Brendle, der seinem Dienstheft (ein Teil seines Nachlasses, der hier im Landeskirchlichen Archiv aufbewahrt wird) eine Porträtfotografie seines Landesbischofs Wurm beilegte, müssen die Vorgänge um dessen Absetzung im fortlaufenden Kirchenkampf äußerst bewegt haben. Wie tausend andere evangelische Gemeindemitglieder und Pfarrer entschloss er sich, Initiative zur Solidarität mit Wurm zu ergreifen und selbst seinen Part im Spiel der Geschichte zu übernehmen. Im Jahr des Ereignisses, 1934, war Brendle Pfarrer in der kleinen Gemeinde Hochdorf an der Enz nahe Vaihingen an der Enz. Auf seine Initiative hin wurden in der Gemeinde Unterschriften gesammelt, um zu protestieren.
Doch damit nicht genug: Dem Archiv liegt eine ganze Sammlung vor, in der wir von weiteren Taten Pfarrer Brendles im Zusammenhang mit dem Kirchenkampf und der Absetzung Wurms erfahren. Anlass der polizeilichen Ermittlungen war die Entdeckung der Kirchenflagge auf Halbmast, was das Misstrauen der NS-Polizei schürte. Auch Gemeindeblätter werden daraufhin beschlagnahmt. Grund: Ihr Inhalt sei zu politisch. Zudem geht das Gerücht um, der Gottesdienst stehe unter Beobachtung. Auf seine Nachfragen beim Württembergischen Innenministerium und beim Evangelischen Quellverlag erhielt Brendle allerdings nur spärliche Antworten.
Doch der Auflauf der landesweiten Proteste sollte nicht wirkungslos bleiben: Auch wenn die gleichgeschaltete NS-Presse über die durch die Absetzung Wurms ausgelösten Massenproteste schwieg, so erklangen die Rufe der Protestgemeinde doch so laut, dass Hitler mit seinem Vorhaben zurückrudern musste und Wurm weiter Landesbischof bleiben durfte.

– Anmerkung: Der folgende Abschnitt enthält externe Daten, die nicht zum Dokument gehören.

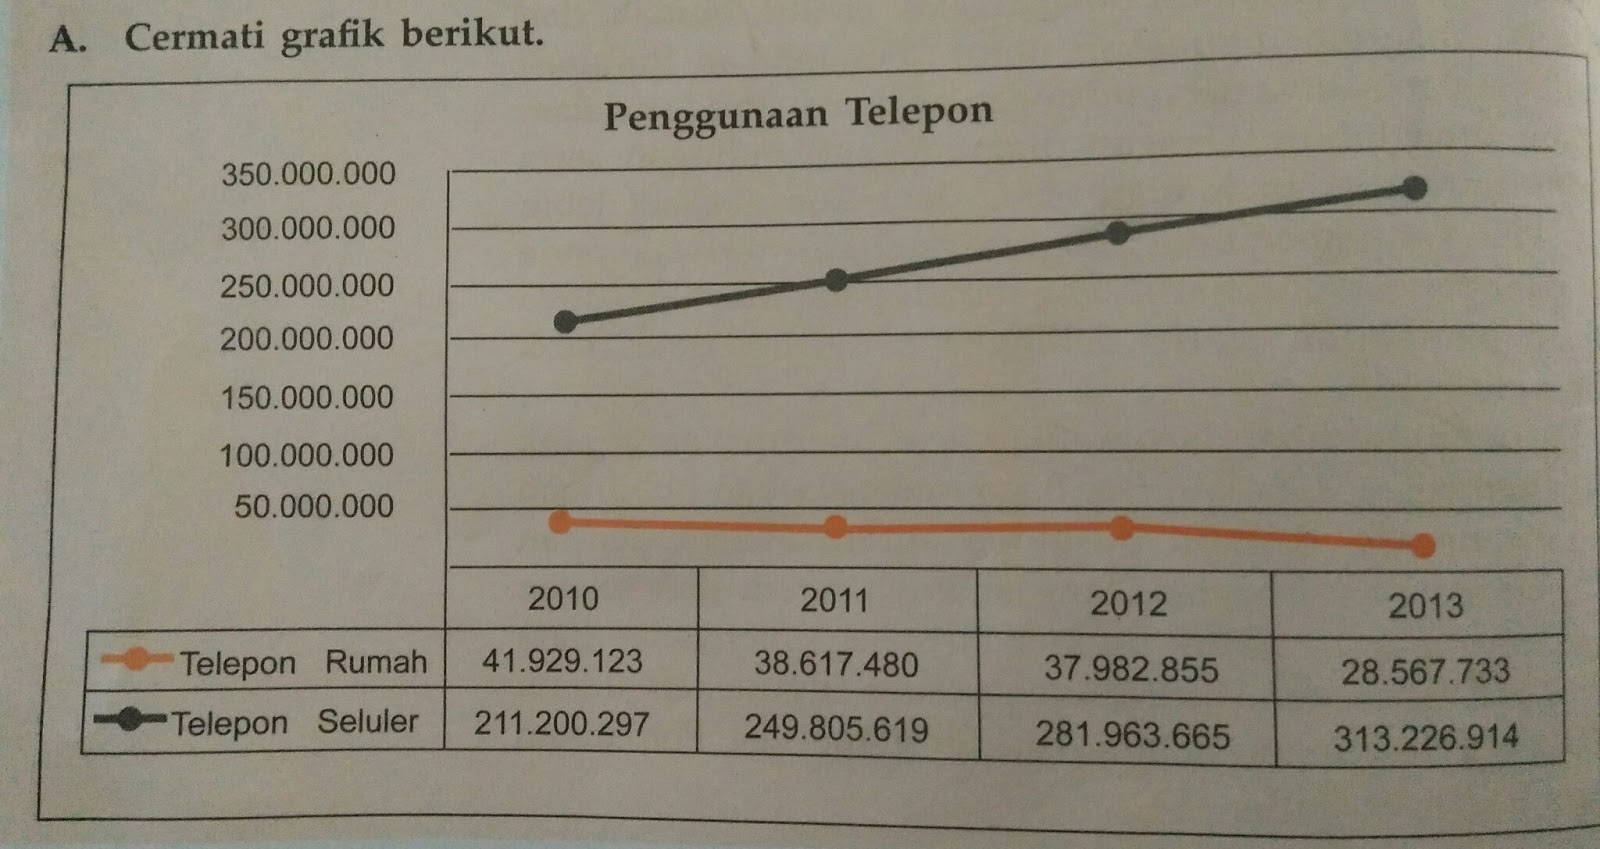 Banyak pengguna telepon seluler di indonesia akan mencapai angka 78,6 juta pada tahun

Die evangelische Michaelskirche in Hochdorf an der Enz. Fotograf: Harke. https://creativecommons.org/licenses/by-sa/3.0/
Mit seiner Unterschriftensammlung und der zusammengestellten Mappe mit Materialien zum Kirchenkampf hinterließ Brendle zwei wichtige Dokumente seiner Archivalien. Sie zeugen nicht nur von seiner Initiative und Solidarität mit Wurm, sondern sind auch für die Orts- und Kirchengeschichte Hochdorfs an der Enz von Bedeutung. Brendle wurde so zu einem kleinen, aber nicht unwichtigen Teil der großen Geschichte. Doch wie sehr der kleine Name eines Theophil Brendles im großen Einklang der Geschichte steht, davon kündigen auch andere Dokumente des von mir bearbeiteten Nachlasses: Brendles „Kriegschronik“ ist ein bleibendes, zeitgeschichtliches Zeugnis aus seiner Pfarrzeit in Heilbronn-Sontheim. Darin schildert er das Ende des Zweiten Weltkrieges aus ortgeschichtlicher Perspektive. Ebenso berührend sind die Dank- und Grußkarten, zum Beispiel jene der Familie Vollbrecht aus Gera-Zwötzen, die Teil der Korrespondenz der Familie Brendle in die DDR waren und bis Anfang der 80er Jahre andauerten. Dies ist nicht nur durch Dank- und Grußkarten, sondern auch durch Lieferscheine belegt.
Alles in allem mag der Name Theophil Brendle in den Augen der Geschichte nicht einmal eine Fußnote sein. Doch wenn man sich die Zeit nimmt, spricht sein Nachlass Bände über den Verlauf aus den Augen eines kleinen Ortspfarrers in Zeiten wie dem Kirchenkampf, der Naziherrschaft, dem Ende des Zweiten Weltkriegs und der darauffolgenden deutschen Teilung. Während meiner gesamten Bearbeitungszeit konnte ich kein Bild von Pfarrer Brendle finden, sodass seine Person für mich immer ein körperloses Wesen blieb. Aber vielleicht passt dies auch zu Brendles Rolle im Gesamten: Es braucht kein Bild von ihm. Seine Figur, sein Wesen setzen sich aus dem Bestand seines Nachlasses zusammen und sein Wirken und Werk leben als Teil der württembergischen, wenn nicht deutschen Kirchengeschichte weiter.
Der Bestand, der Unterlagen von 1924 bis 1984 enthält, wurde geordnet und verzeichnet. Das Archivinventar des Bestands Nachlass Theophil Brendle kann online hier eingesehen werden.